--- START ---
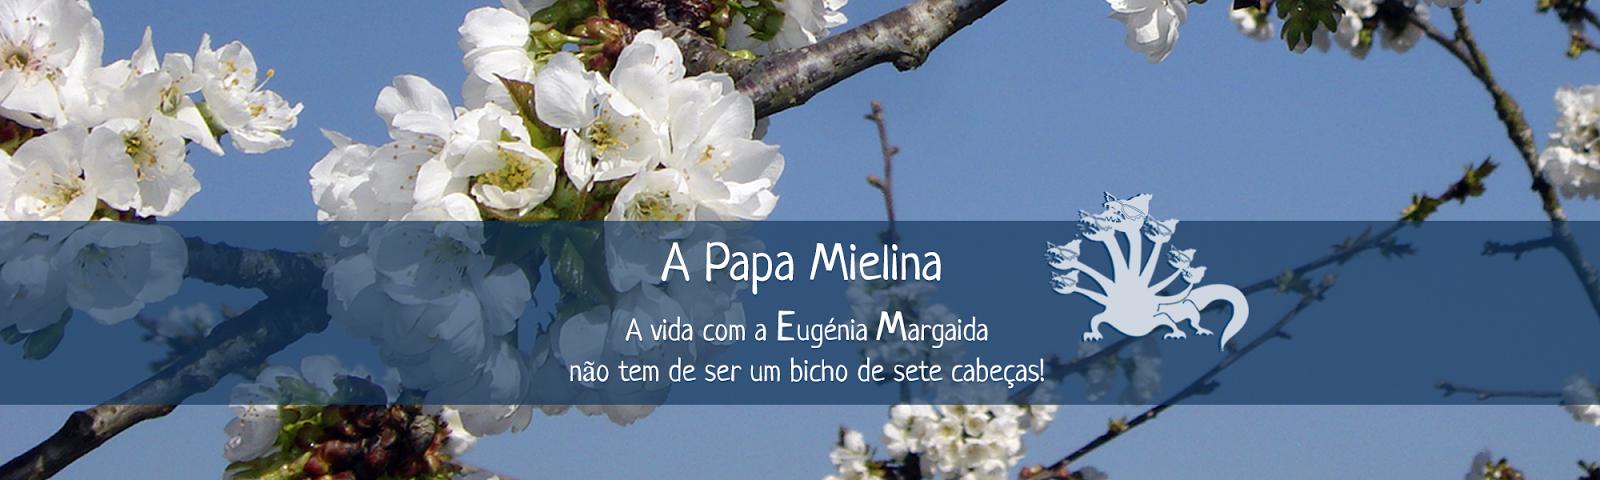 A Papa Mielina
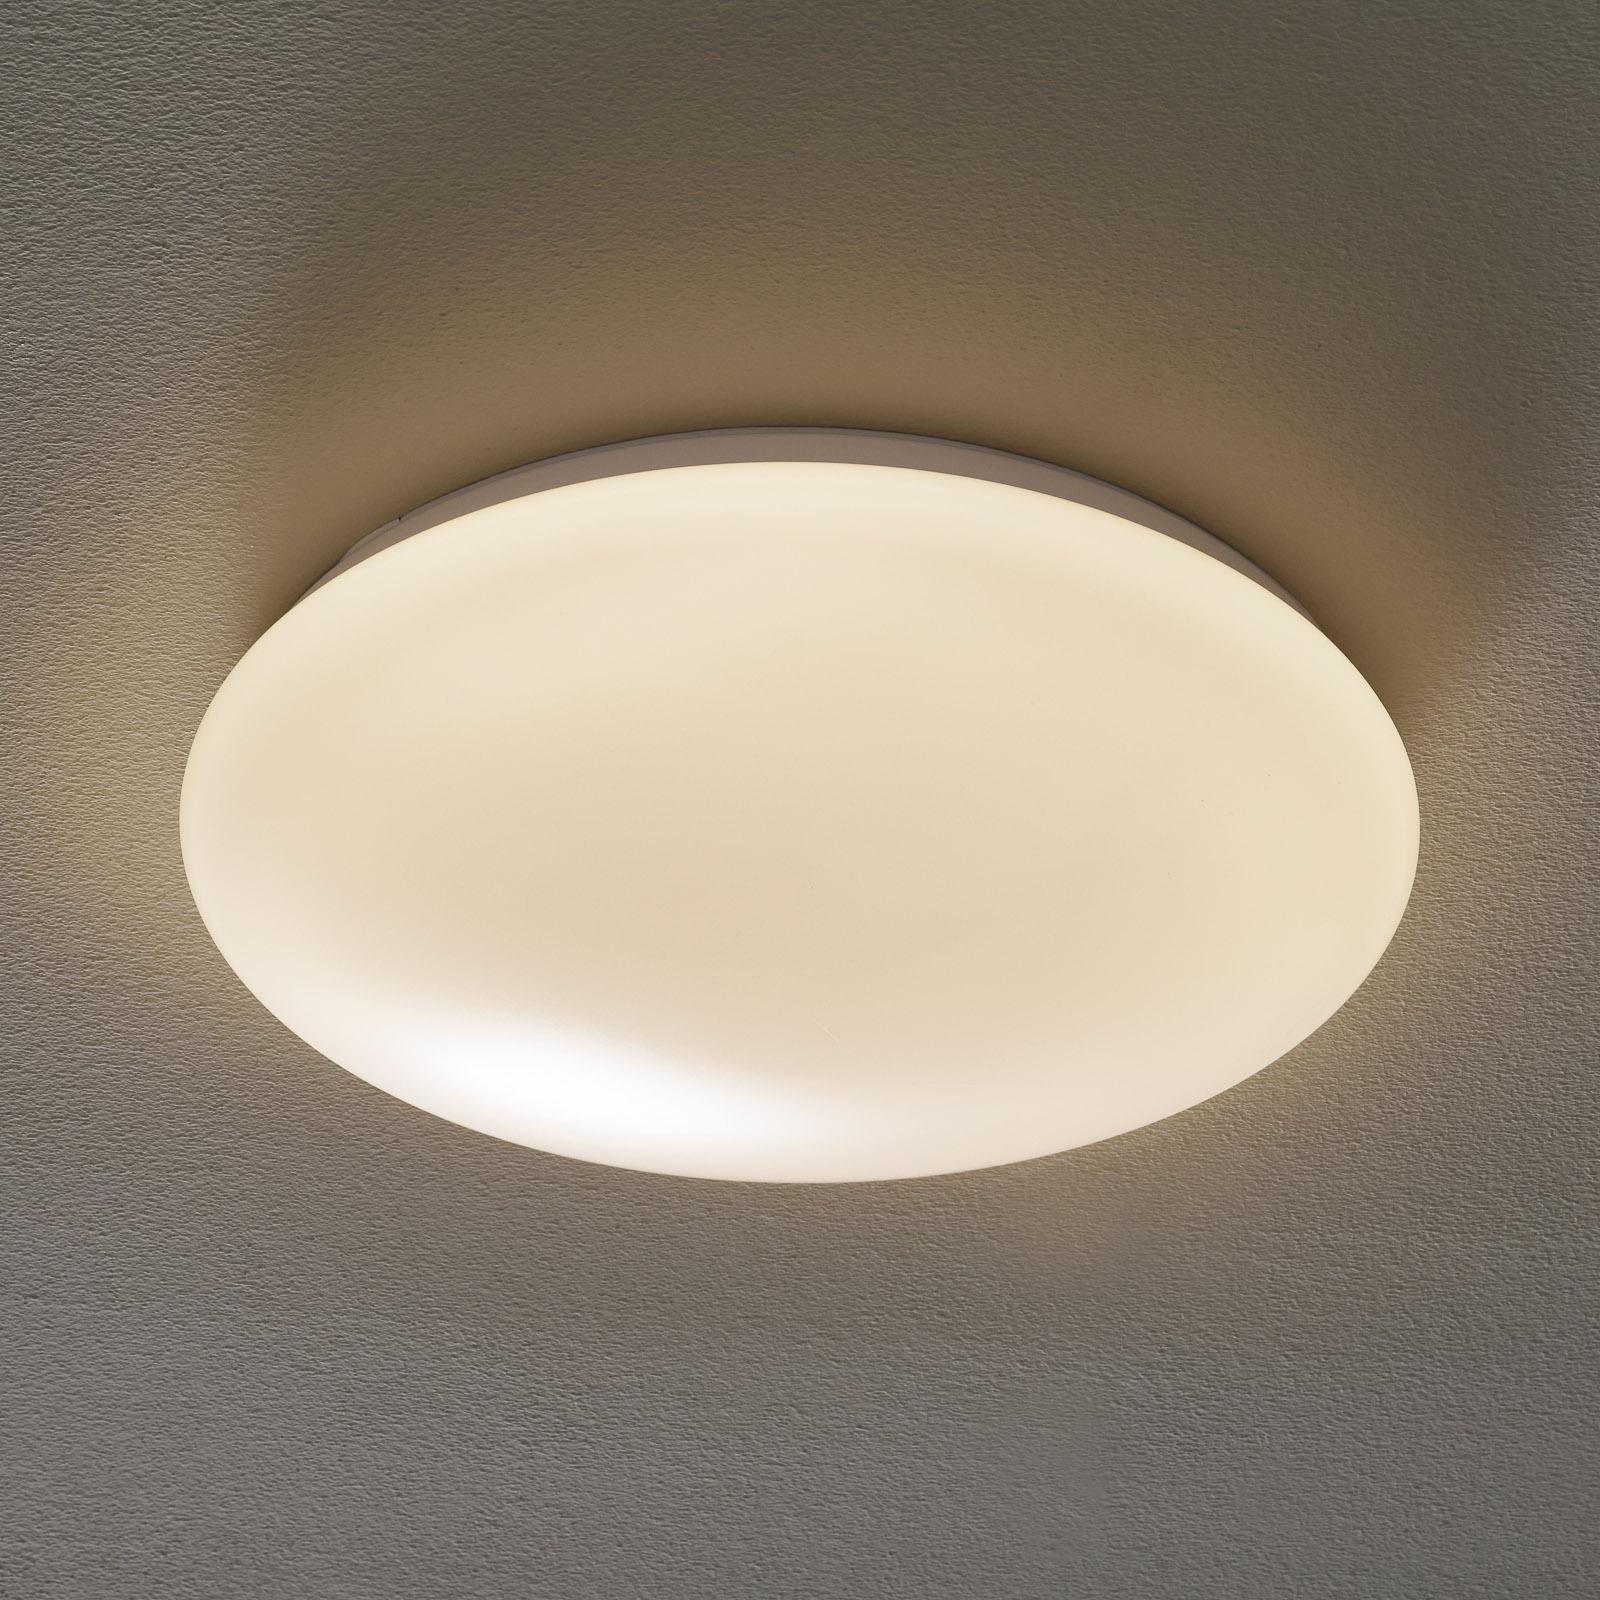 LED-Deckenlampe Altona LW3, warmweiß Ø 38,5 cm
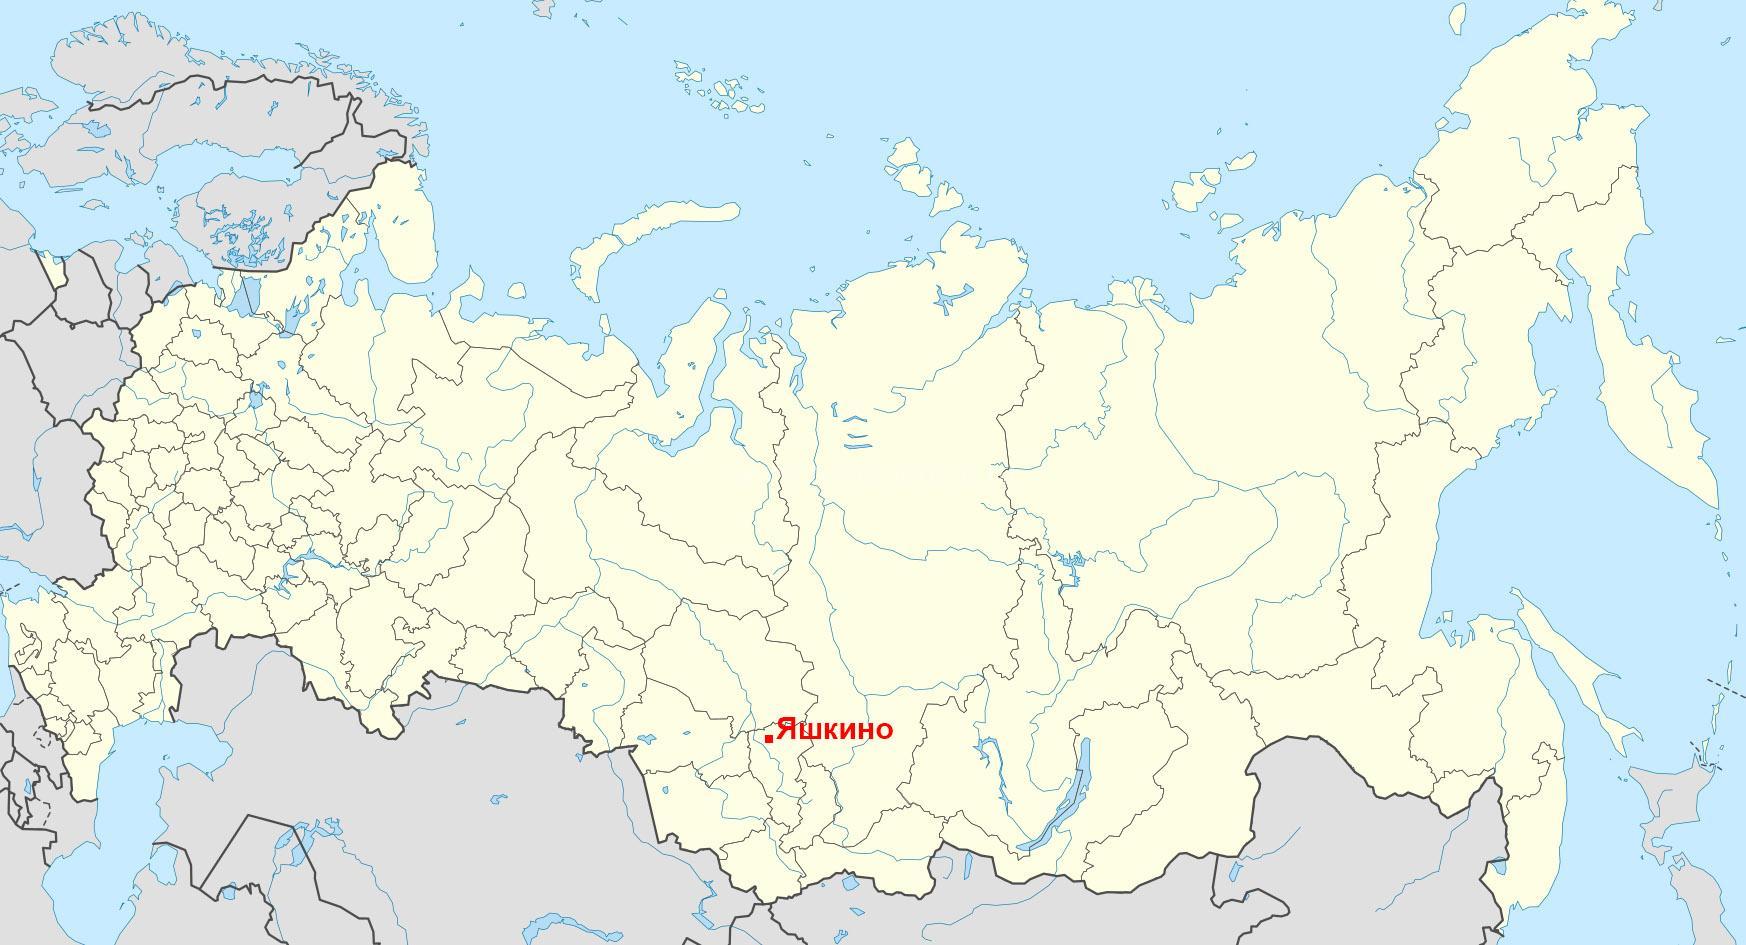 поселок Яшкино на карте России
--- END ---
__PROBLEM STATEMENT__: The copy runs from the line containing "LED-Deckenlampe Altona LW3, warmweiß" through the last line of the material, both ends included. Reproduce those lines exactly and drop the pictures.

__ANSWER BELOW__:
 LED-Deckenlampe Altona LW3, warmweiß Ø 38,5 cm
 поселок Яшкино на карте России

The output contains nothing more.